# Gas bottle refills, Costa del Sol



## TheNomad (Aug 12, 2013)

There's now a place on the Costa del Sol where you can get any type of gas bottles refilled.
They are called "Gasbottle International",they are in Malaga province and their phoenix number is 0034 616969496. English spoken.
Website:
www.gasbottlerefill.com

I have not used them personally but have seen some advert flyers for them at several places along the Malaga region where Motorhomes converge. See their website for more details.


----------



## BrianJP (Sep 17, 2010)

Only just in Malaga as it's in Estepona useful but could be a long way west of where many people here will be. 
In my experience most garages etc that sell gas bottles on the Costa will exchange an empty for any make they carry.


----------



## TheNomad (Aug 12, 2013)

Just in case you may have misunderstood, what these guys are I think saying is that they REFILL any type of gas bottle. They don't need to have another full bottle similar to your empty one, they refill your actual bottle. ( just as the guys at the Western side of Boliquime on the Portuguese Algarve coast have done for years).


----------



## 113016 (Jun 5, 2008)

Just out of interest. What about refillable with an internal filler point?


----------



## TheNomad (Aug 12, 2013)

Grath said:


> Just out of interest. What about refillable with an internal filler point?

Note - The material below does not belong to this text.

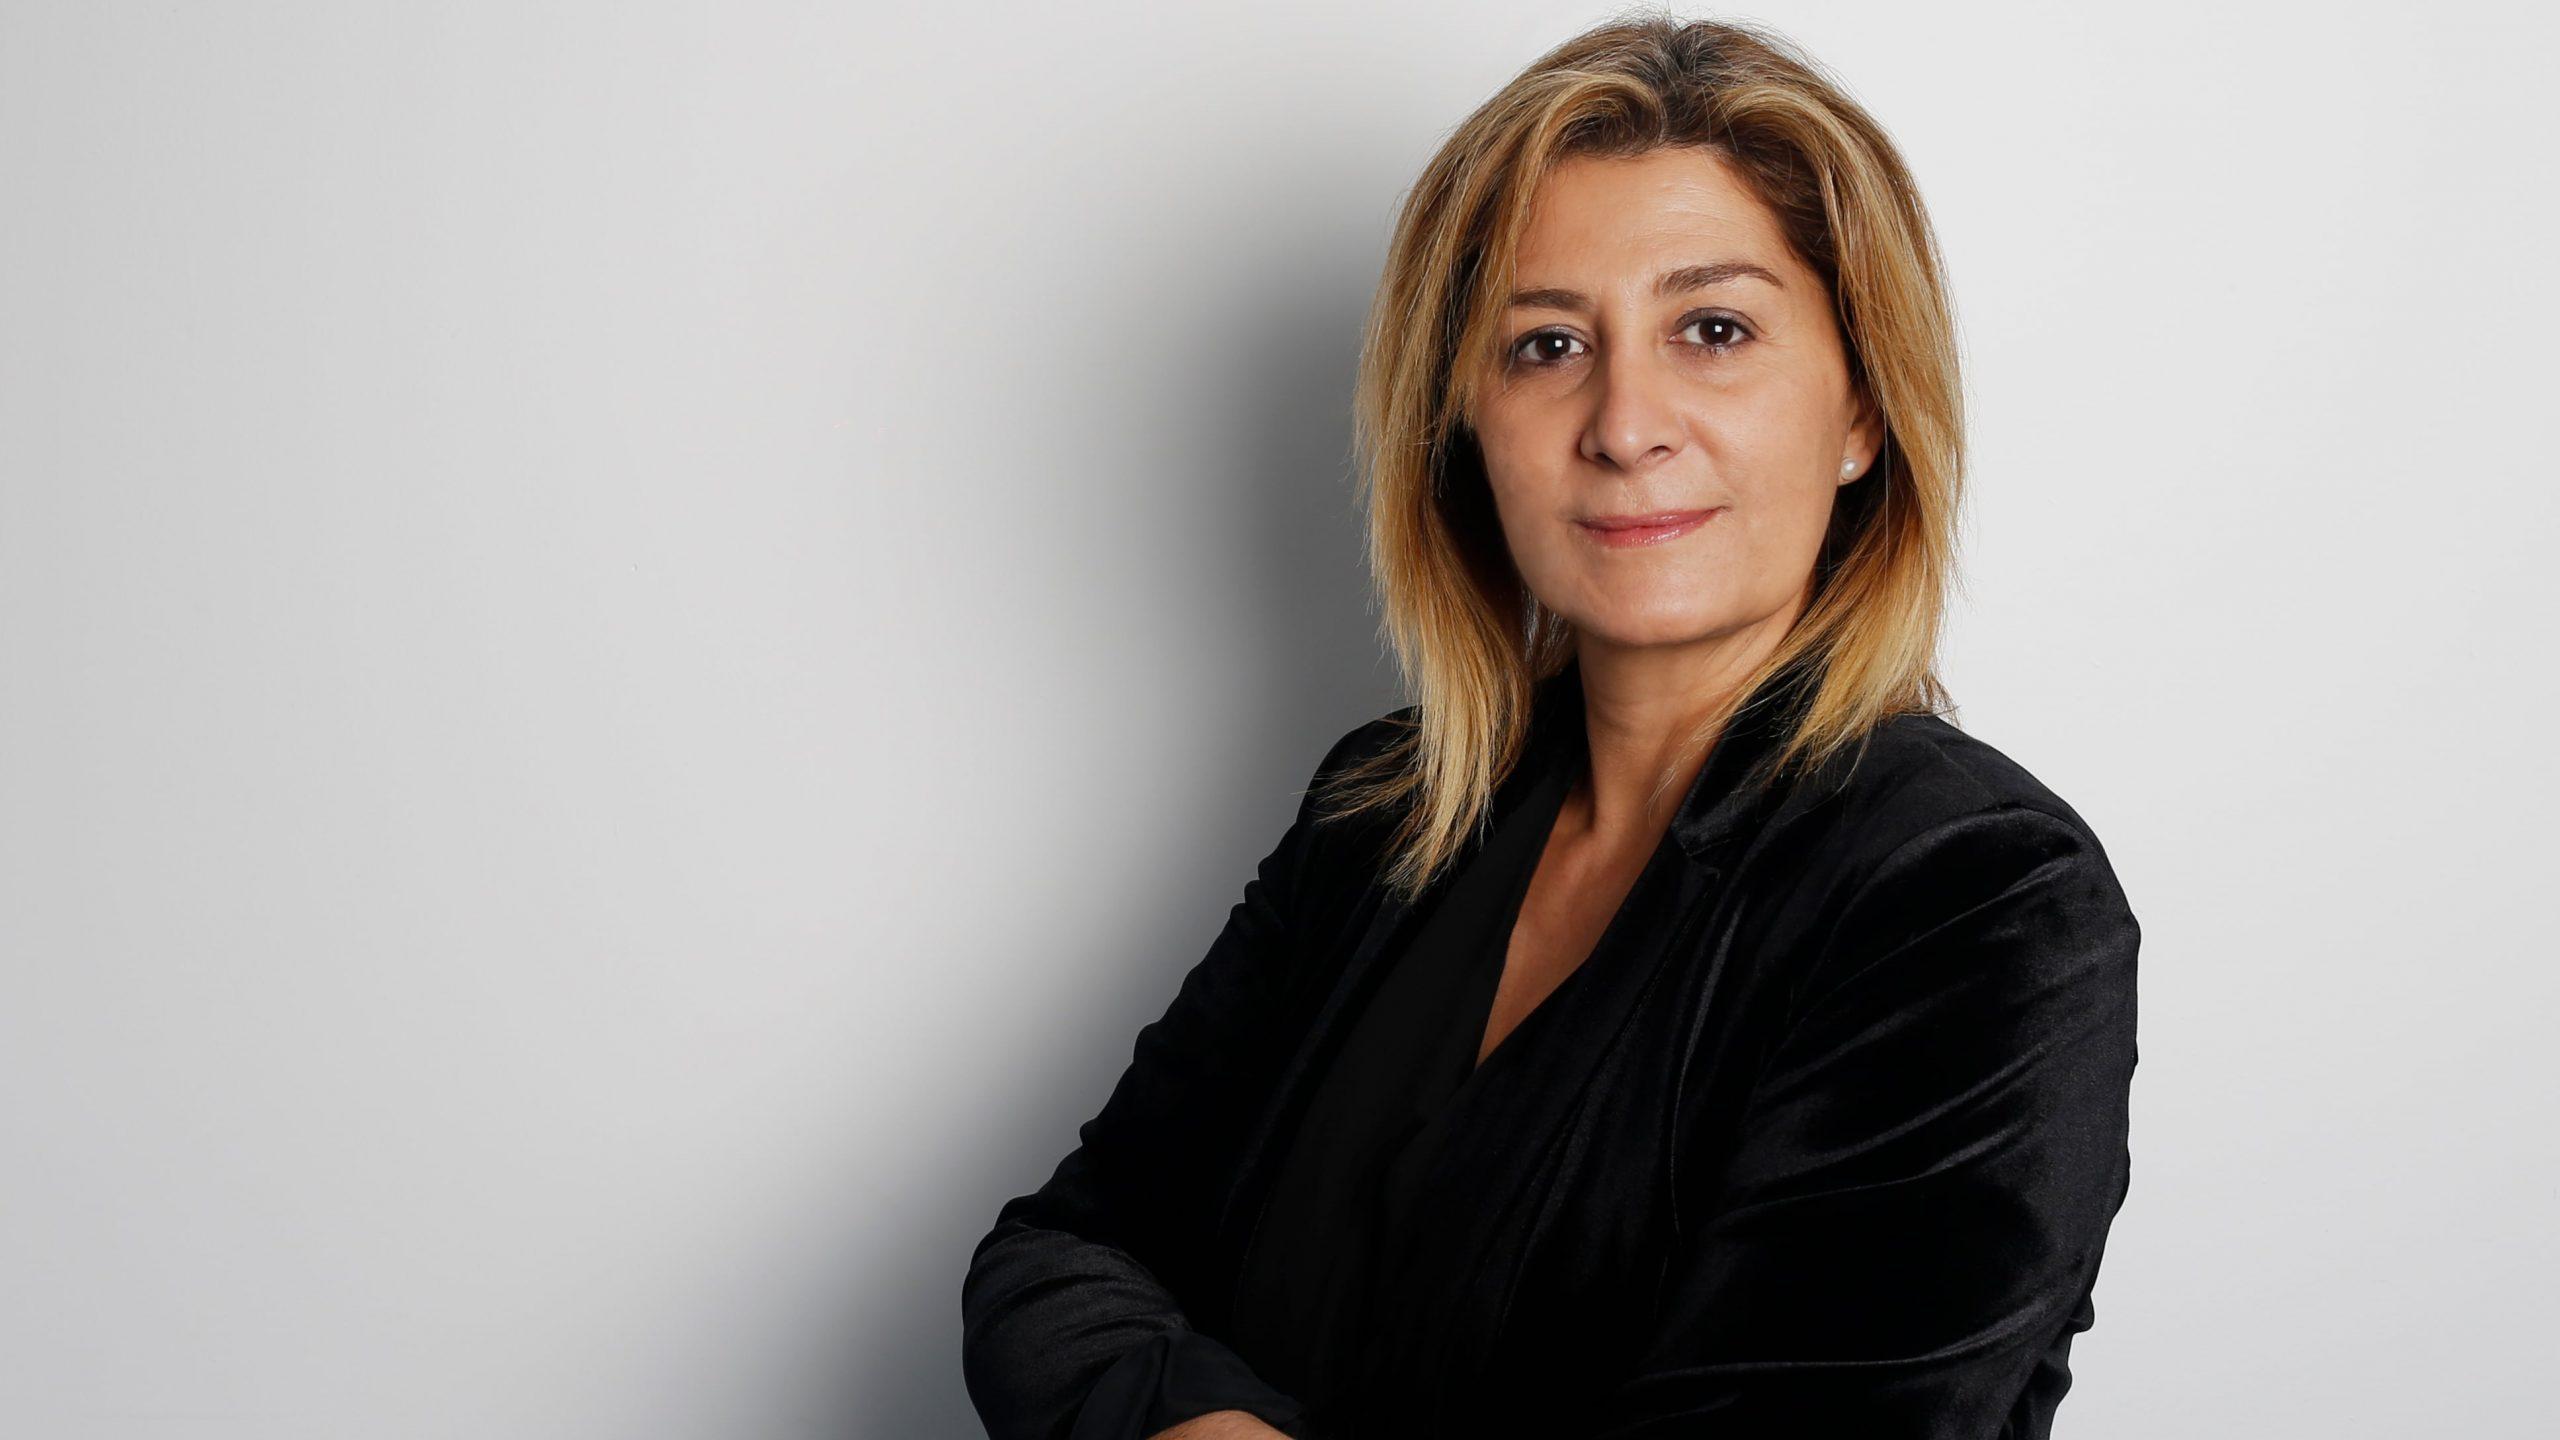 Belén Martín, directora general de Restalia @Restalia
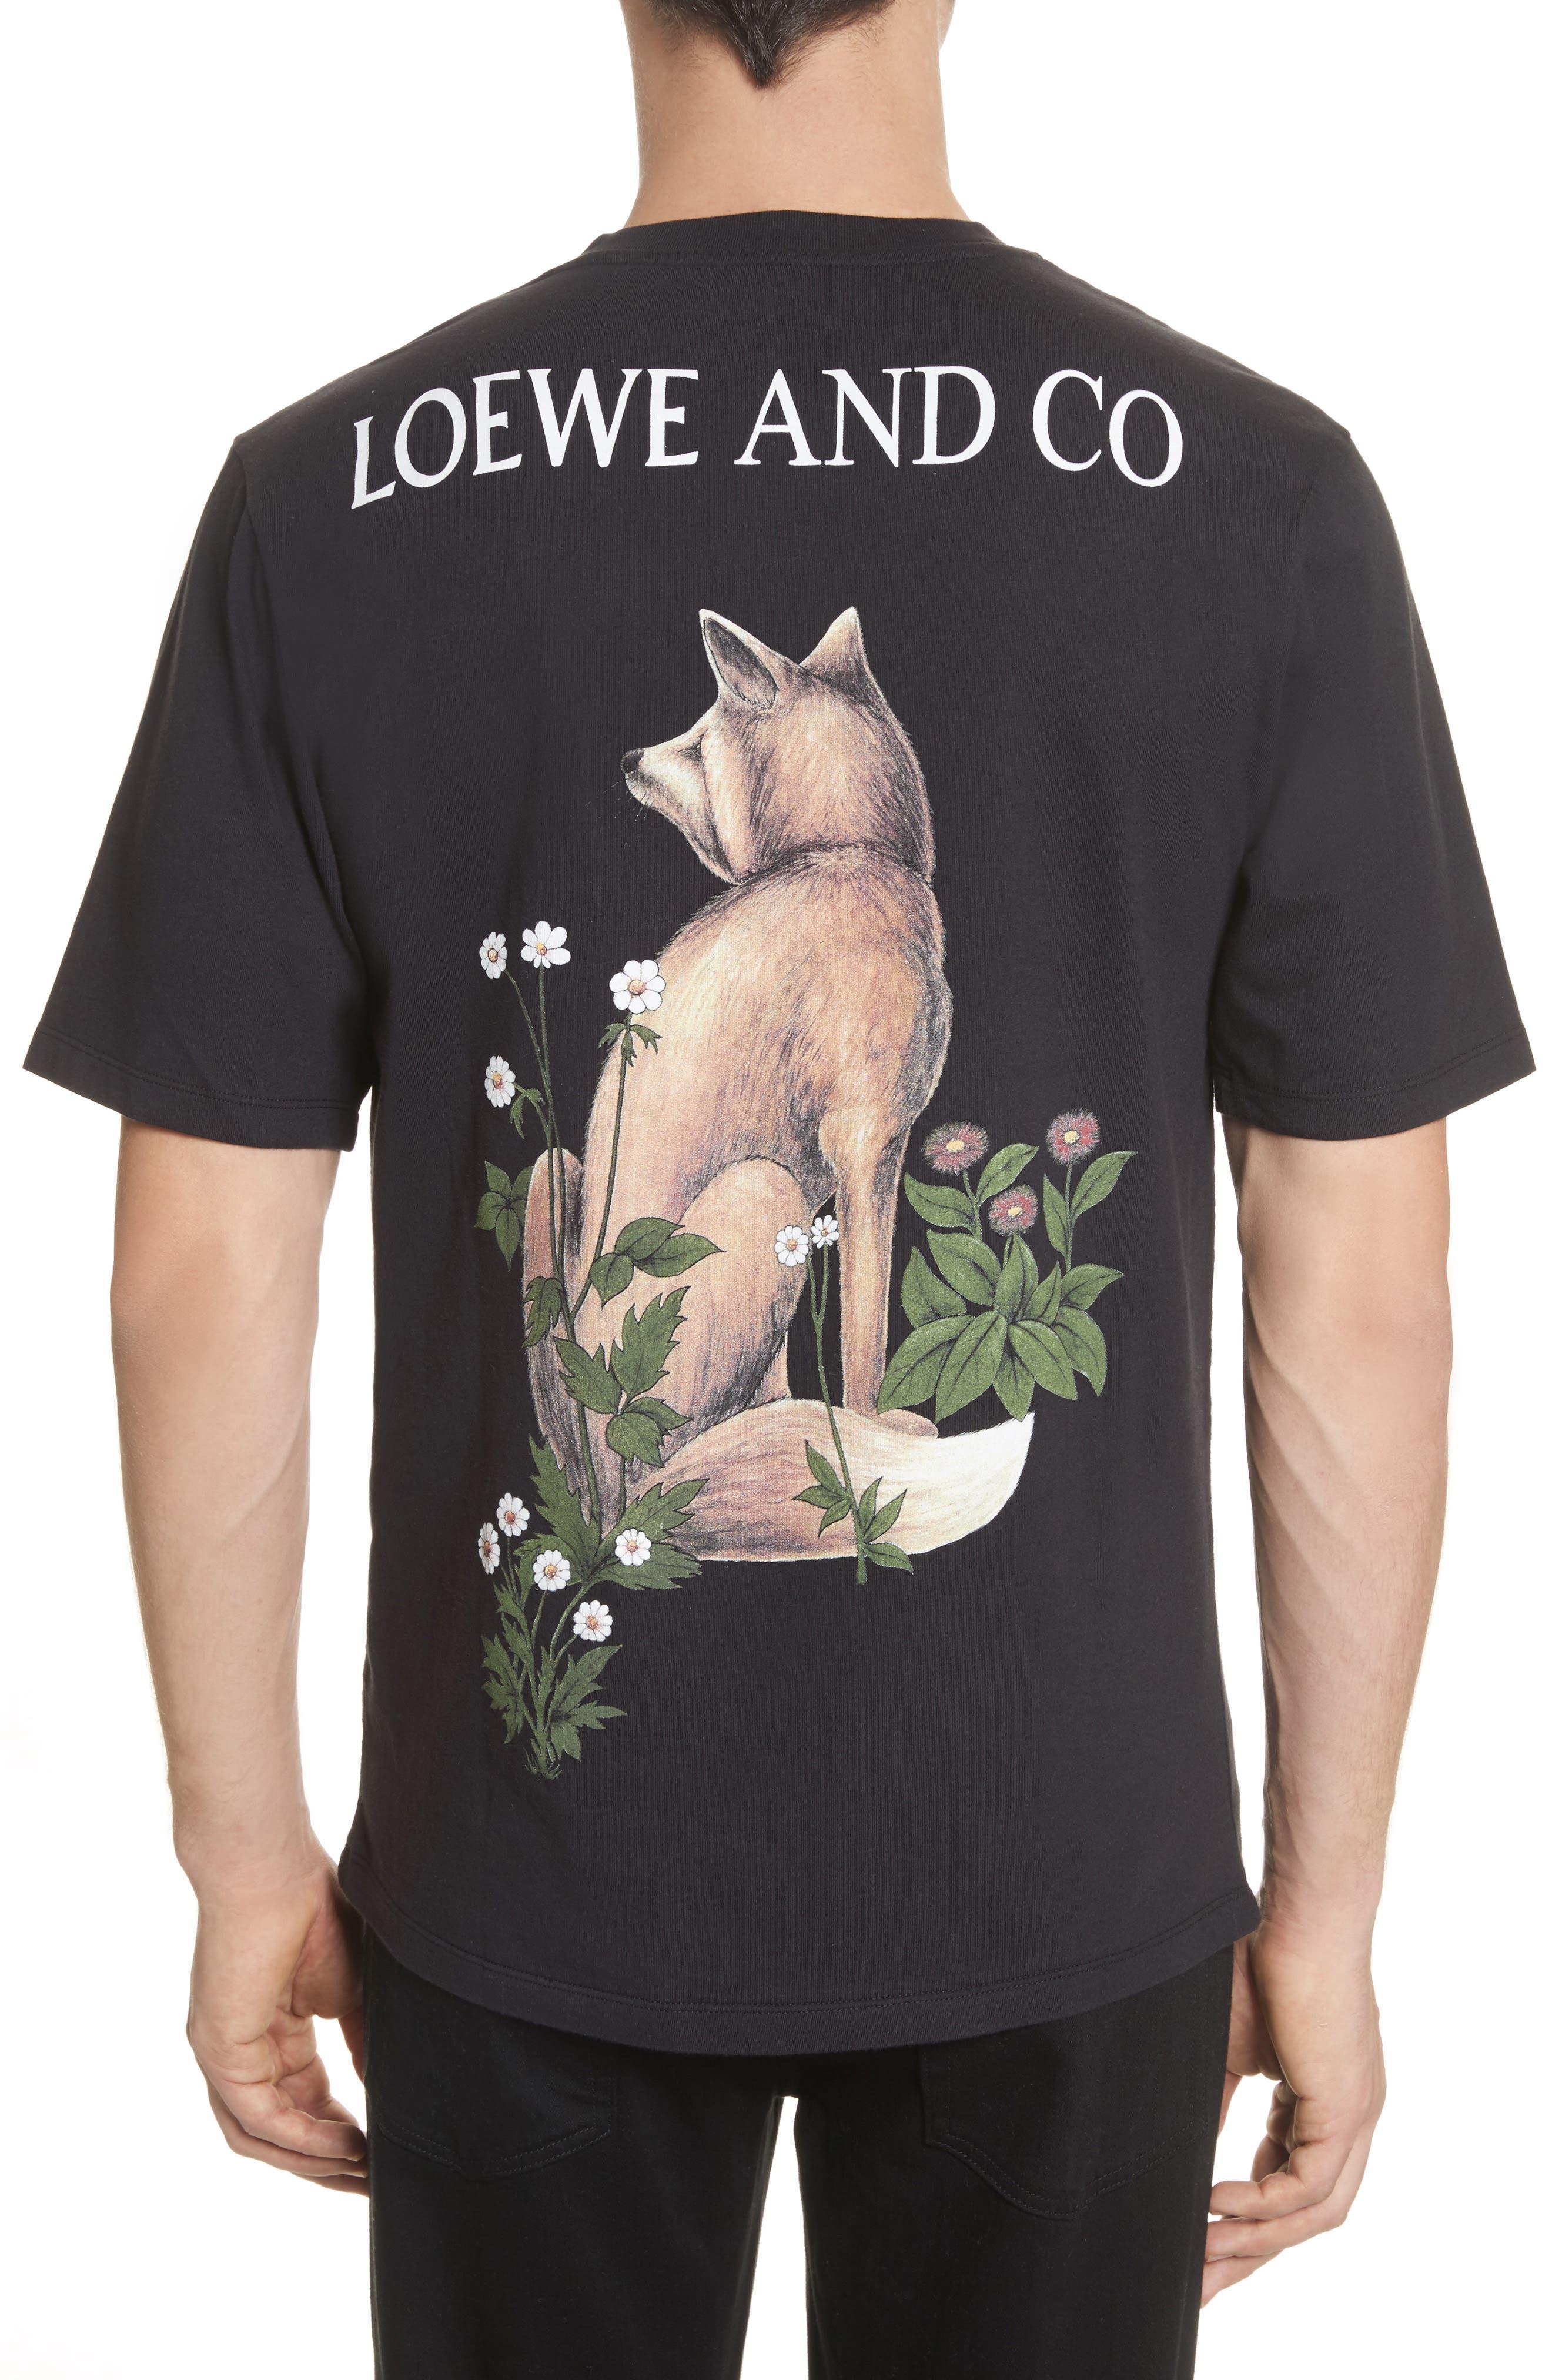 Loewe & Co. Graphic T-Shirt,                             Alternate thumbnail 2, color,                             001

Ring them or email them to ask I guess...but if they'll refill anything as their website and flyers say, then I suspect the answer is gonna be yes.
Their contact details are on their website to which I provided a link above.


----------



## 113016 (Jun 5, 2008)

TheNomad said:


> Ring them or email them to ask I guess...but if they'll refill anything as their website and flyers say, then I suspect the answer is gonna be yes.
> Their contact details are on their website to which I provided a link above.


Done!


----------



## 113016 (Jun 5, 2008)

Here is the answer, so I have explained the difference between refillable bottles.
The reason I asked is because my latest van has an internal filler point. I will fit an external today!

Hi there, 
I only refill bottles. Is there no bottle in your gas locker that can be disconnected??
There are some gas filling stations with LPG around if it is this what you are looking for.
Regards.
Dirk


----------



## 113016 (Jun 5, 2008)

Grath said:


> Here is the answer, so I have explained the difference between refillable bottles.
> The reason I asked is because my latest van has an internal filler point. I will fit an external today!
> 
> Hi there,
> ...


Fitted the external filler this morning, therefore I should be able to refill most places>


----------